I´m trying to scrape a table that has one of the group values in another row.
Basically, I want to generate a table with the following columns
1 - name
2 - type
3 - company id
4 - company name
5 - value
I´m able to generate all but the number 2 "type".
Since it does not have a common parent element, I´m unable to have it scraped in the correct way.
I´m only able to add it as a multiple value and cross-reference with all "company" lines, instead of only the ones beneath it.

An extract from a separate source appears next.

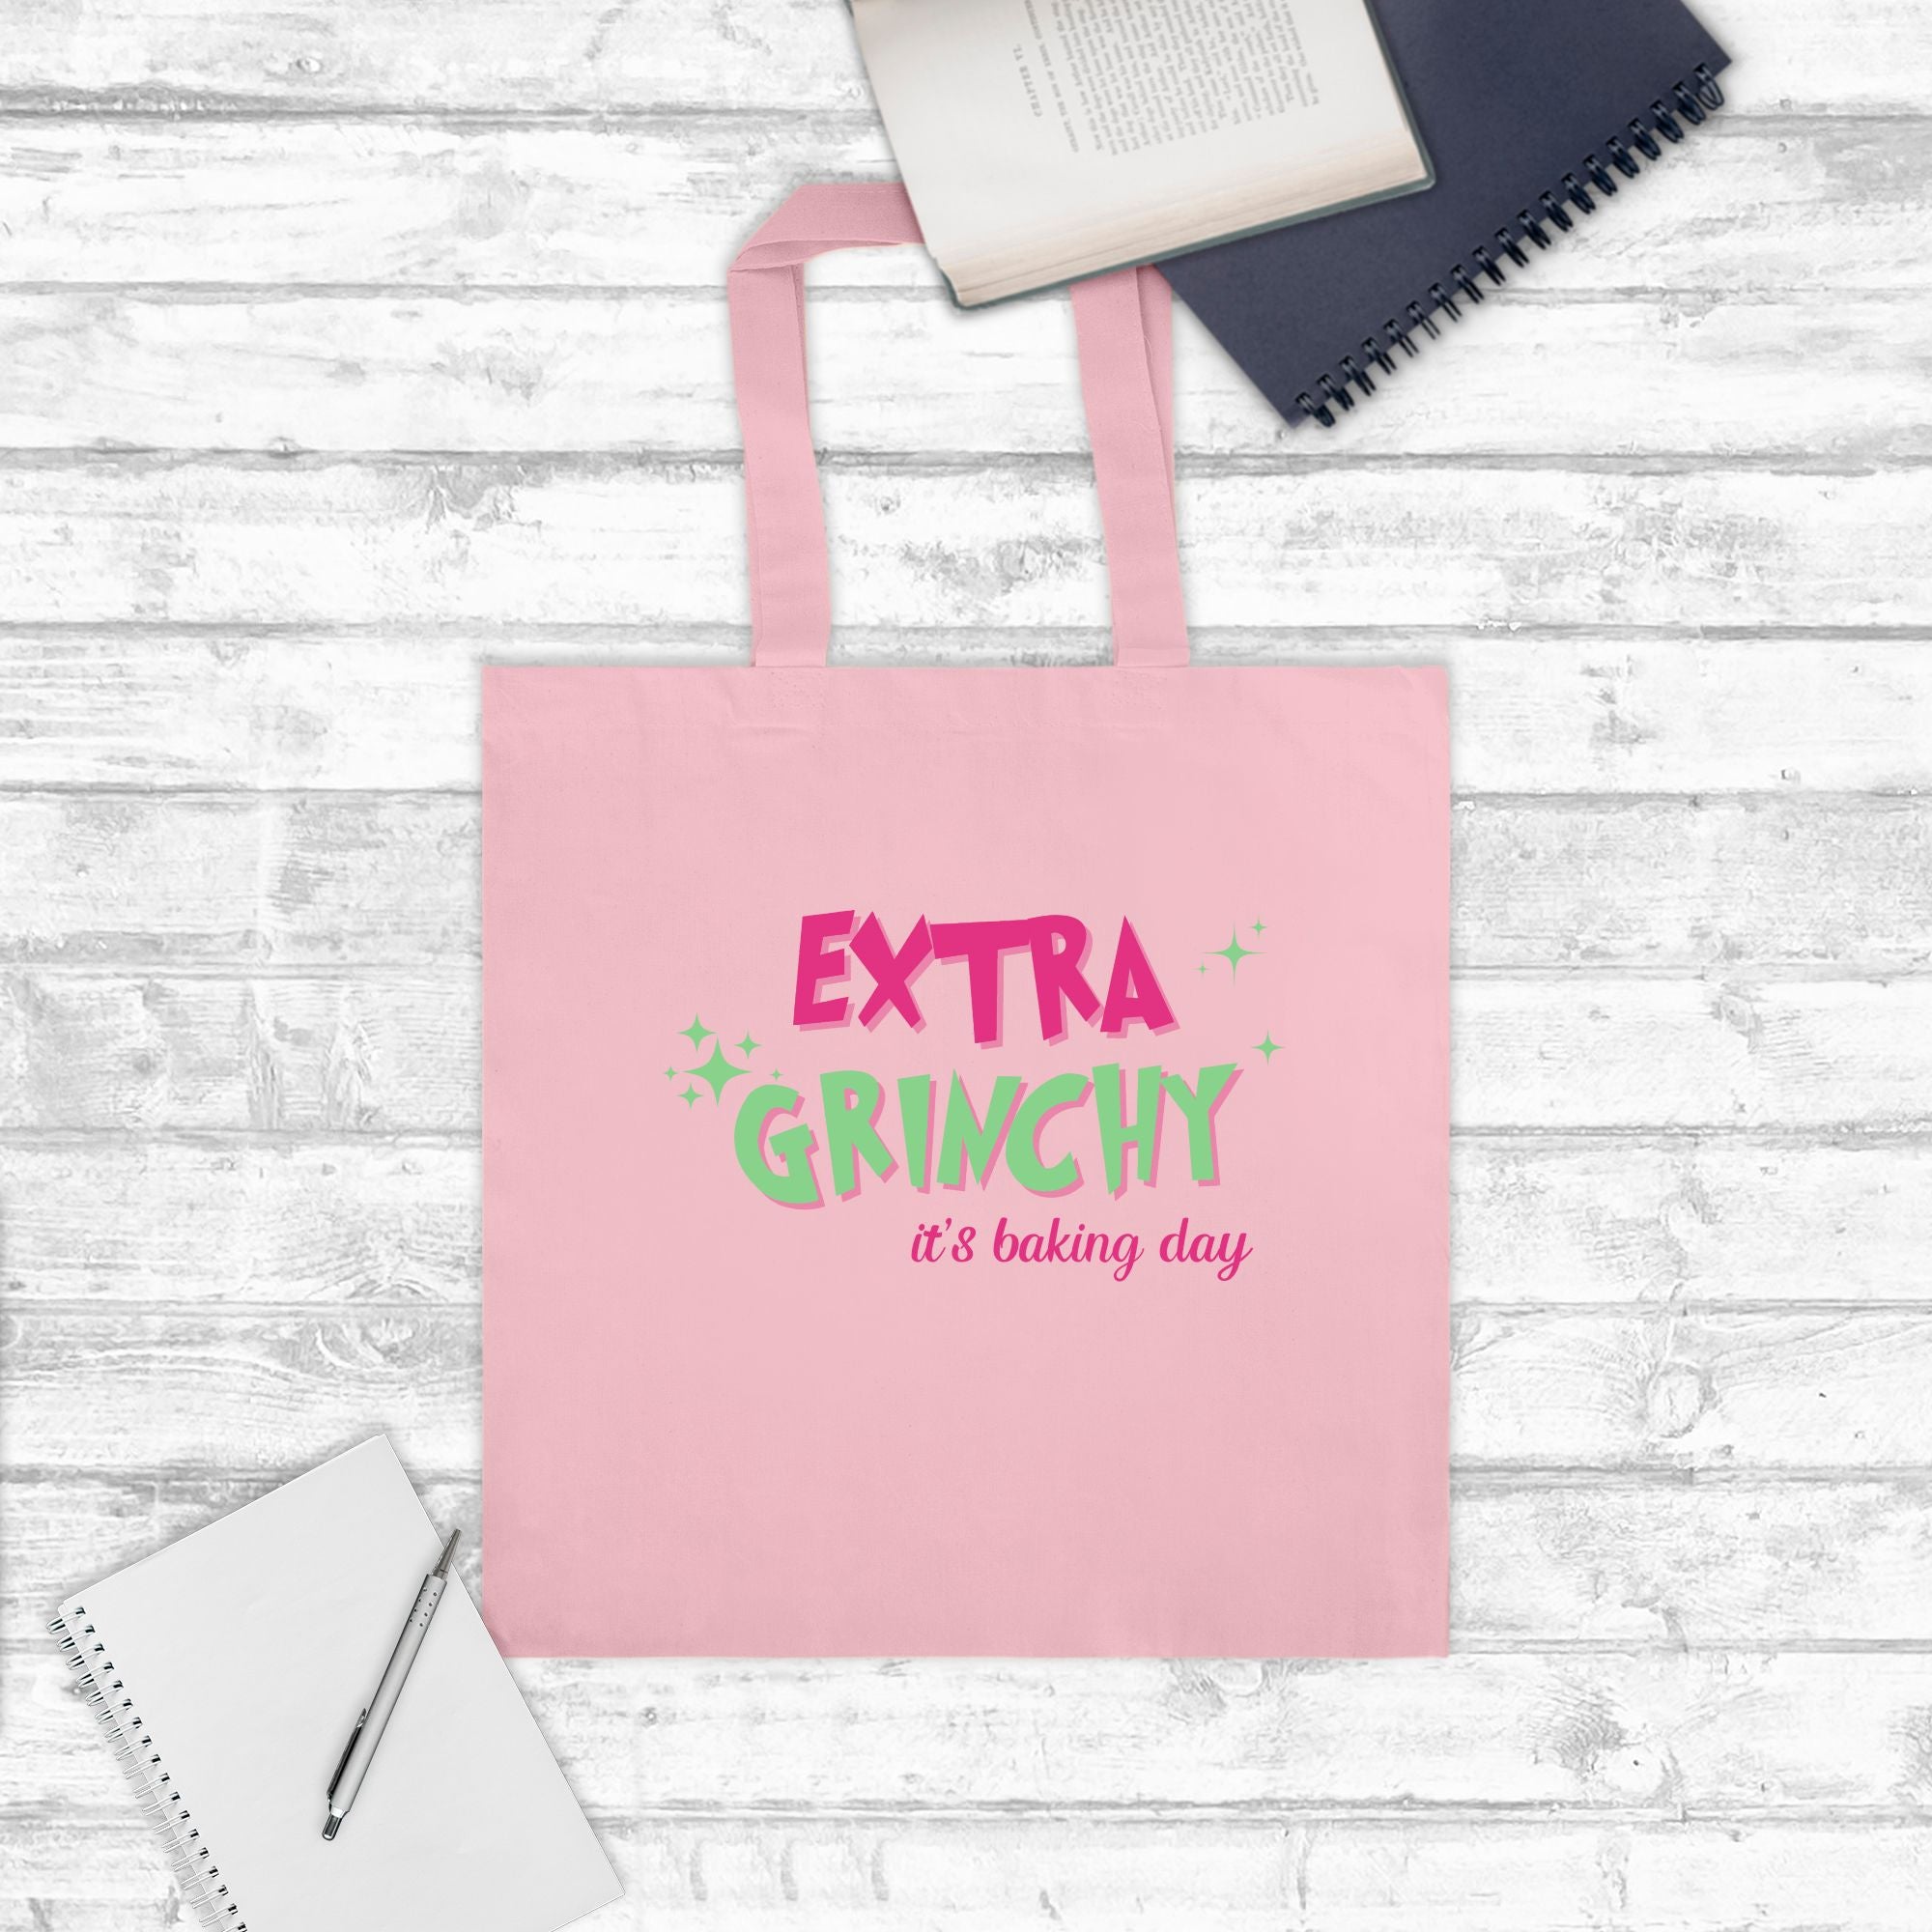 Extra Grinchy (It's Baking Day) tote bag

Url: https://sisgvarmazenamento.blob.core.windows.net/prd/PublicacaoPortal/Arquivos/201901.htm
Here the HTML structure
Sitemap:
{id:"{"_id":"camara_municipal_sp_gastos","startUrl":["https://sisgvarmazenamento.blob.core.windows.net/prd/PublicacaoPortal/Arquivos/2019[01-12].htm","https://sisgvarmazenamento.blob.core.windows.net/prd/PublicacaoPortal/Arquivos/2020[01-12].htm","https://sisgvarmazenamento.blob.core.windows.net/prd/PublicacaoPortal/Arquivos/2021[01-12].htm","https://sisgvarmazenamento.blob.core.windows.net/prd/PublicacaoPortal/Arquivos/2022[01-03].htm"],"selectors":[{"id":"grup_vereador","parentSelectors":["_root"],"type":"SelectorElement","selector":"table[class='bloco']","multiple":true,"delay":0},{"id":"vereador","parentSelectors":["grup_vereador"],"type":"SelectorText","selector":"b","multiple":false,"delay":0,"regex":"\\s(.*)"},{"id":"fornecedor_cnpj","parentSelectors":["tr_table"],"type":"SelectorText","selector":"td[width='15%']","multiple":false,"delay":0,"regex":""},{"id":"fornecedor_nome","parentSelectors":["tr_table"],"type":"SelectorText","selector":"td[width='60%']","multiple":false,"delay":0,"regex":""},{"id":"fornecedor_valor_utilizado","parentSelectors":["tr_table"],"type":"SelectorText","selector":"td[width='20%']","multiple":false,"delay":0,"regex":""},{"id":"tr_table","parentSelectors":["grup_vereador"],"type":"SelectorElement","selector":"tr:has(> td:nth-child(2)[width=\"60%\"])","multiple":true,"delay":0},{"id":"competencia","parentSelectors":["_root"],"type":"SelectorText","selector":"h3","multiple":false,"delay":0,"regex":"\\d\\d/\\d\\d\\d\\d"}]}"}